Your instructions: Using the data below, restate exactly every line from the one with "Sjukhuskatten Oscar : En" up to and including the one with "Growth Supplements Pasta De Amendoim Review". No picture belongs in it.

Available records:
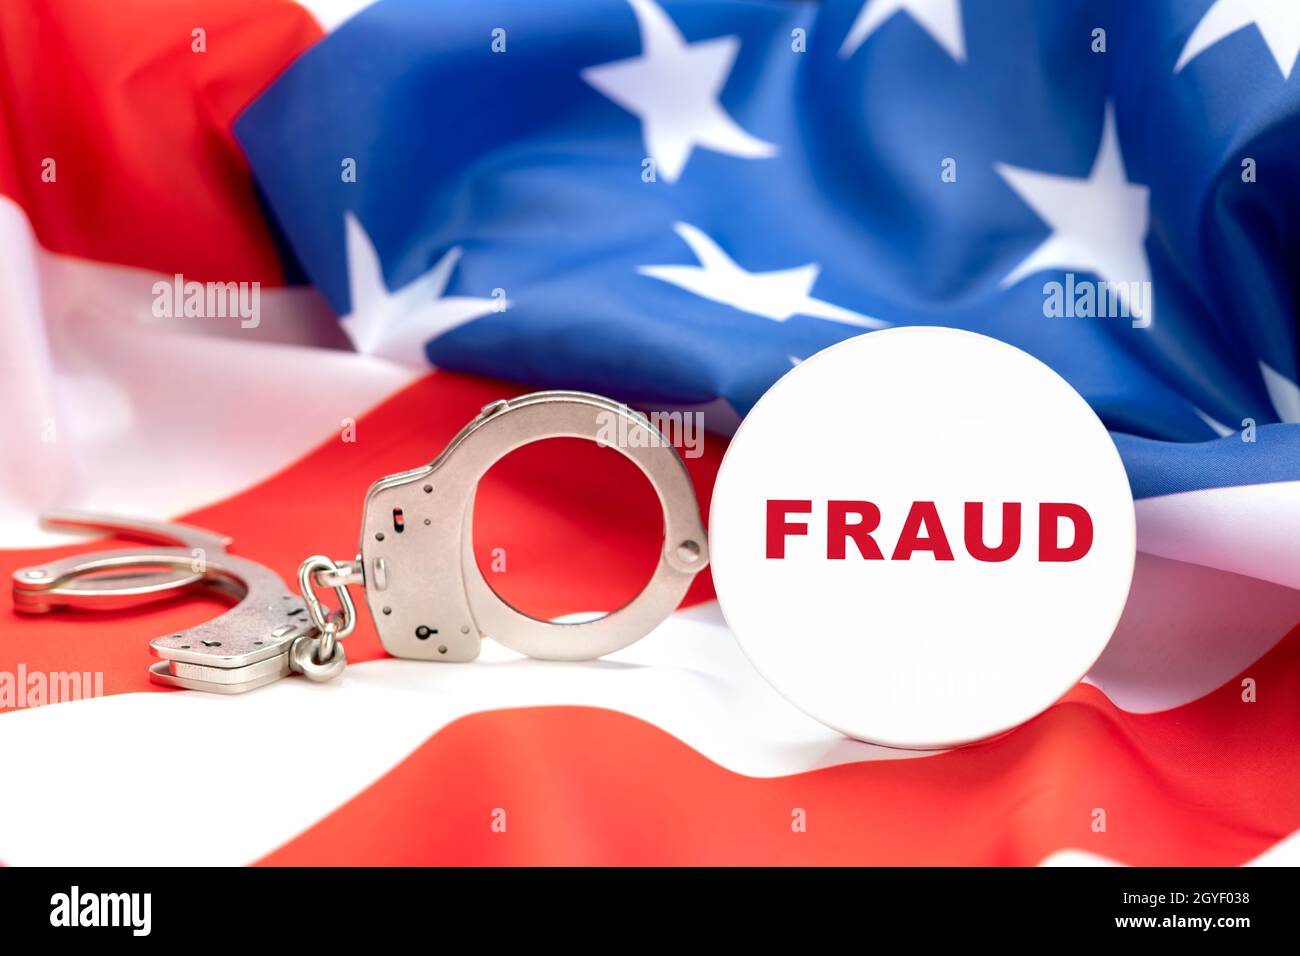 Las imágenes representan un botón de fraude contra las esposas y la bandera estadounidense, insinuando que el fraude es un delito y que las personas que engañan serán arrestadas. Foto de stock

---

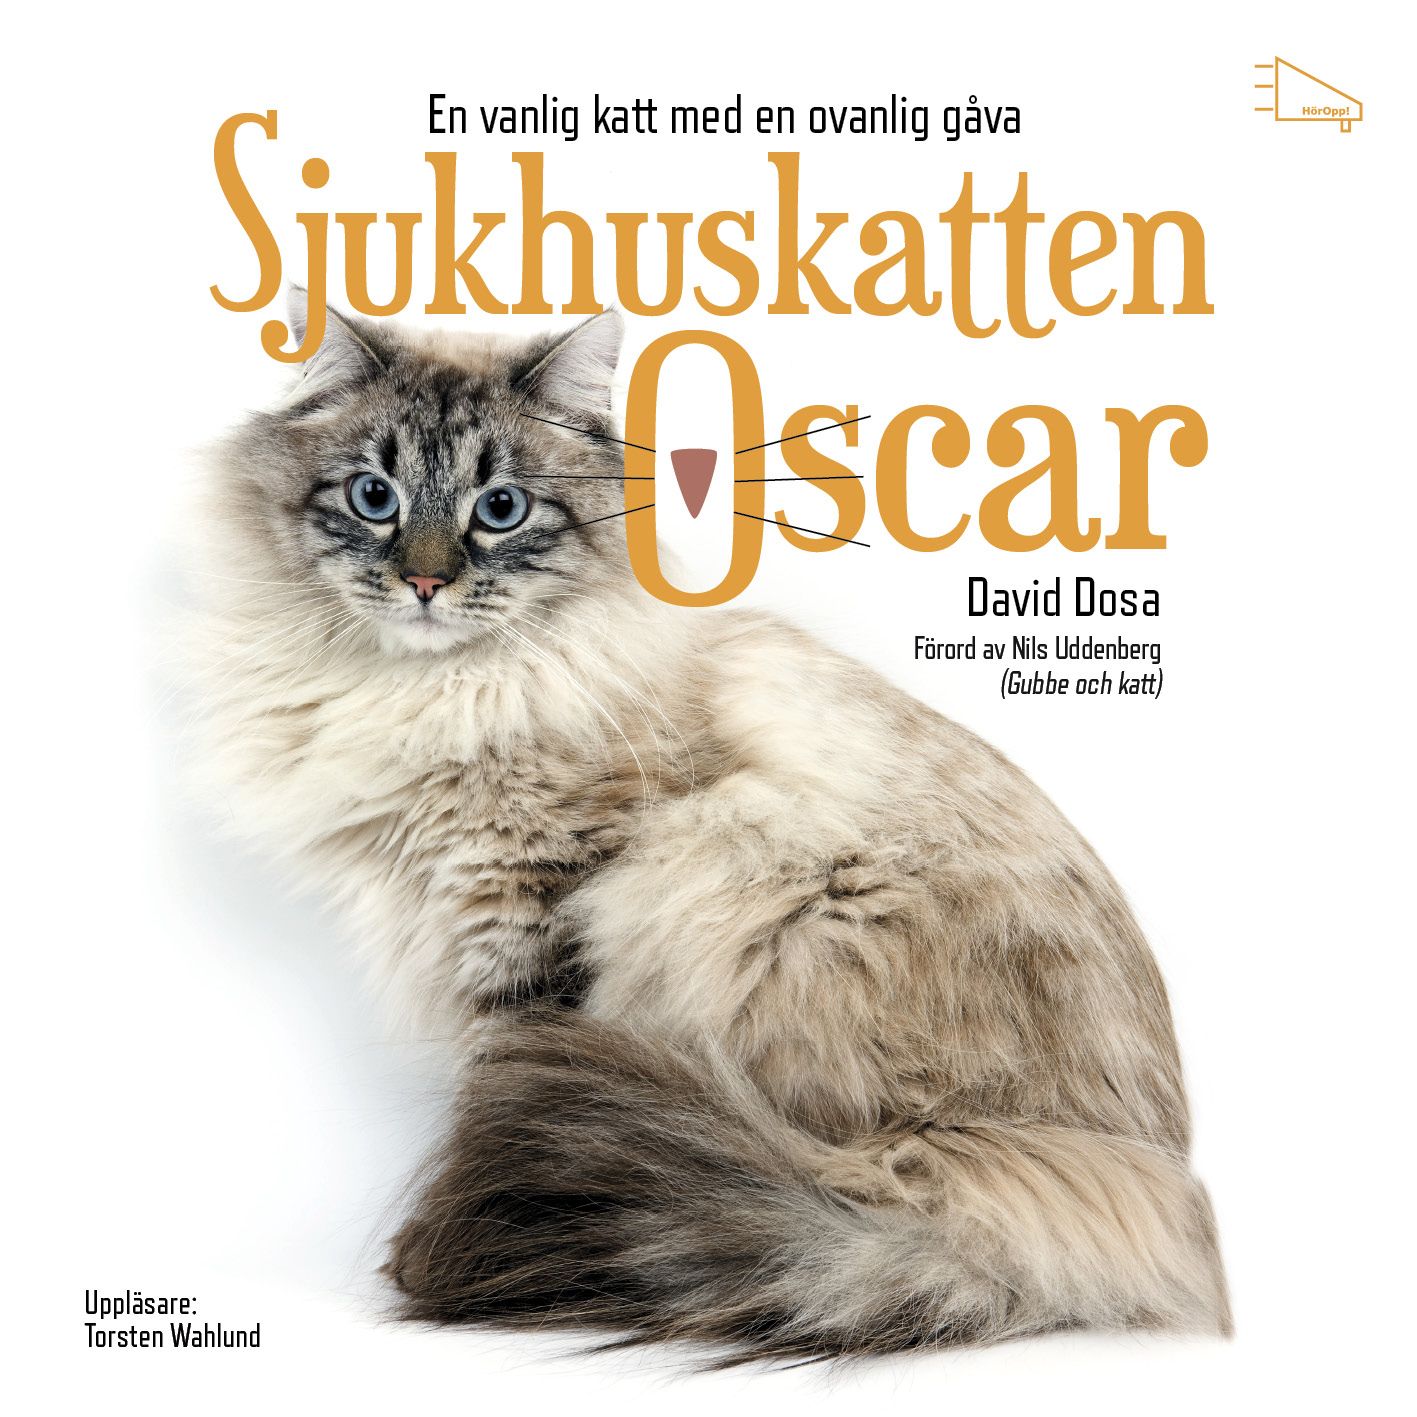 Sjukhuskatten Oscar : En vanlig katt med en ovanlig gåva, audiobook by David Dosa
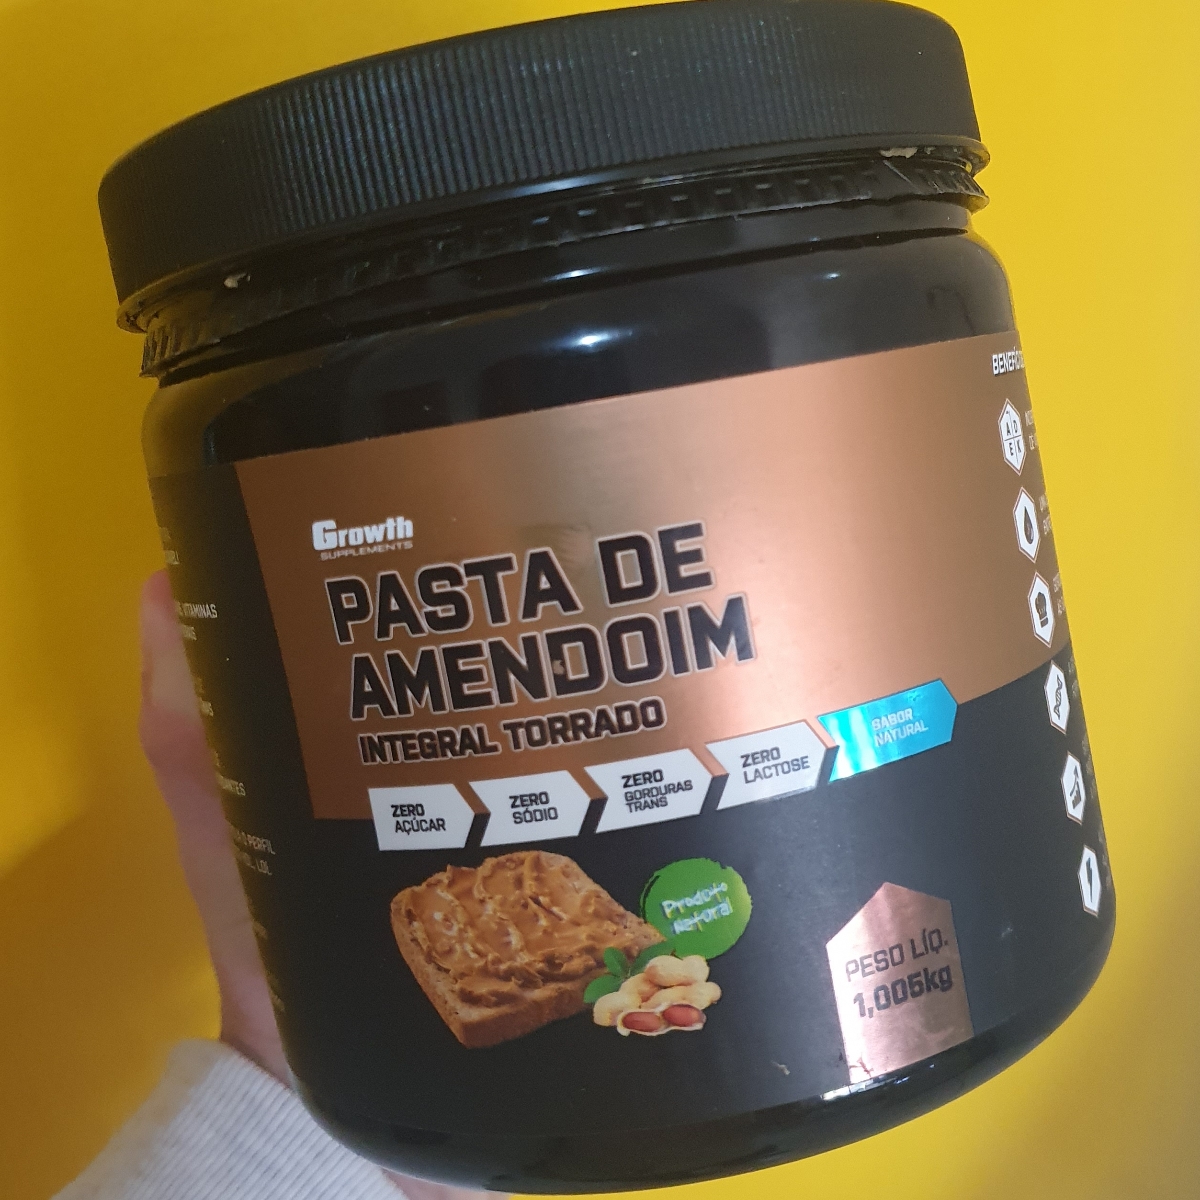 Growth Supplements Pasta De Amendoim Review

Reply:
 Sjukhuskatten Oscar : En vanlig katt med en ovanlig gåva, audiobook by David Dosa
 Growth Supplements Pasta De Amendoim Review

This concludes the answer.